The Departments will hold a Technical Assistance Planning workshop for potential applicants on September 13, 2011. Details on these and any other technical assistance events will be on the Race to the Top-Early Learning (RTT-ELC) Web site. The deadline for submitting grant applications is October 19, 2011.

SIG transformation schools may have more time to develop teacher evaluation systems

Education Week reports that ED may give some districts and schools using the School Improvement Grant (SIG) transformation model more time to develop teacher and principal evaluation systems. The article cites an August 12 Department letter inviting states to apply for waivers that would allow them to give some eligible districts more time to implement evaluation systems. The letter addresses schools in the first two SIG cohorts, which began implementation of the transformation model in school years 2010-2011 and 2011-2012.

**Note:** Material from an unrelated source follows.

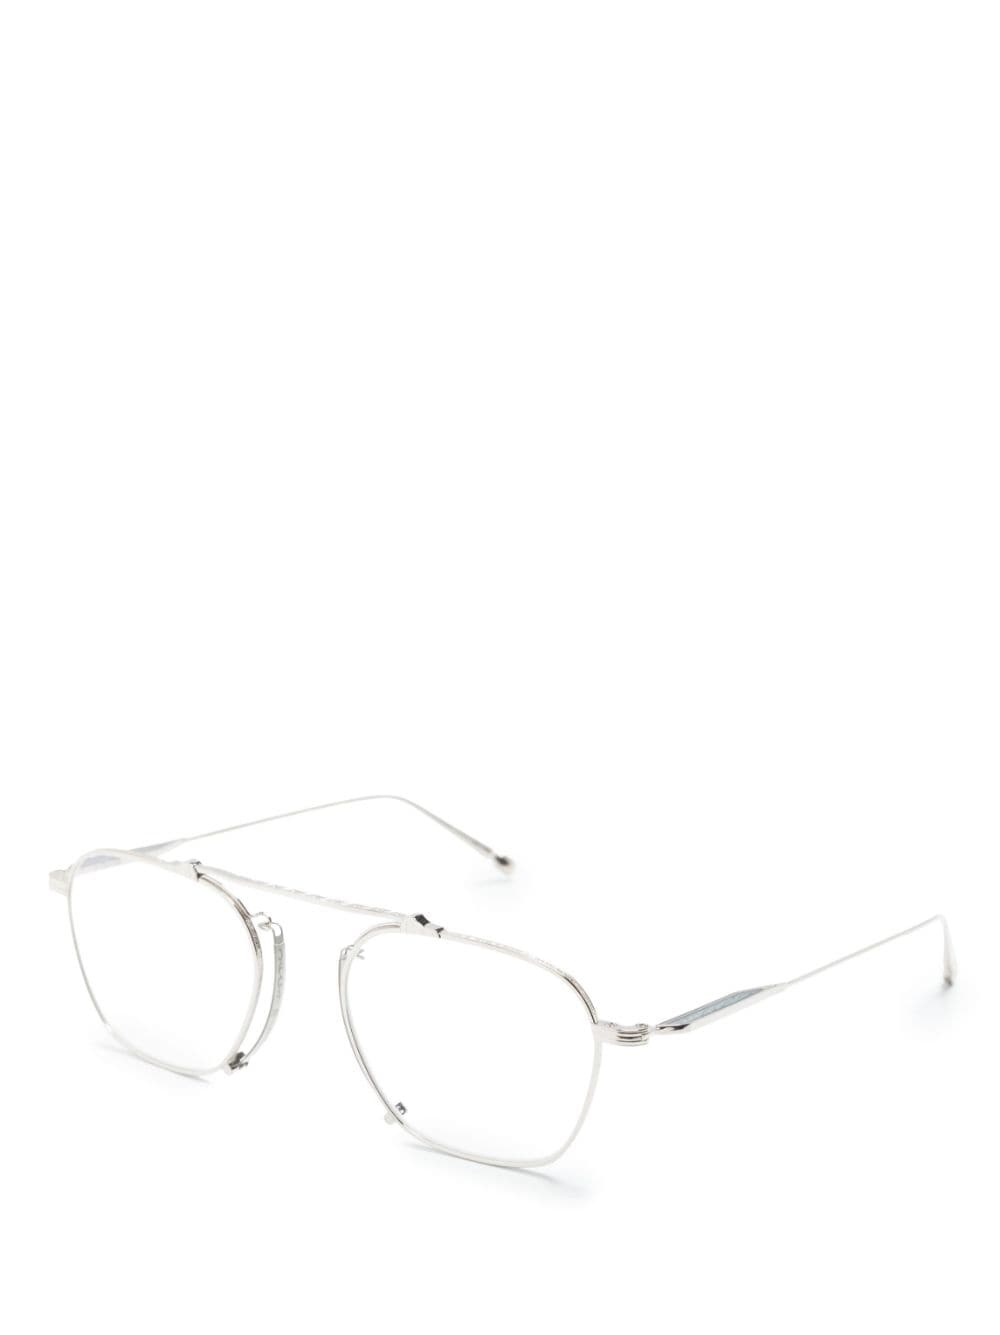 pilot-frame optical glasses - 2

Department of Education maps state education and accountability data

ED launched a new version of its education data Web site which provides state-by-state data on state assessment results, the National Assessment of Educational Progress, graduation rates, and school accountability information. The new site provides a state mapping feature, a trend line tool, and a tool which “allows users to view one data element based on conditions set by another data element.”

College faculty gives common standards favorable review

The Education Policy Improvement Center (EPIC) released a report on a survey of 1,897 college faculty who rated the applicability and importance of Common Core State Standards in relation to the courses they teach. The courses involved in the survey included 14 “commonly associated with general education requirements for a bachelor’s degree” and 11 considered career oriented. According to a summary of the findings, the survey revealed that:

  • Most Common Core standards received high ratings for applicability and importance.
  • ELA and literacy standards with highest ratings include those at higher levels of scope and breadth.
  • Mathematics standards with highest ratings include those with an emphasis on thinking, reasoning, and problem solving.
  • 96% of respondents agree that the Common Core State Standards sufficiently challenge students to engage higher-level cognitive skills.

The report concludes that “students who are generally proficient in the Common Core standards will likely be ready for a wide range of postsecondary courses” but cautions against assuming that this means that students who learn the Common Core standards are fully ready for college and careers. “Other important dimensions of readiness exist, upon which the Common Core standards are necessarily silent.”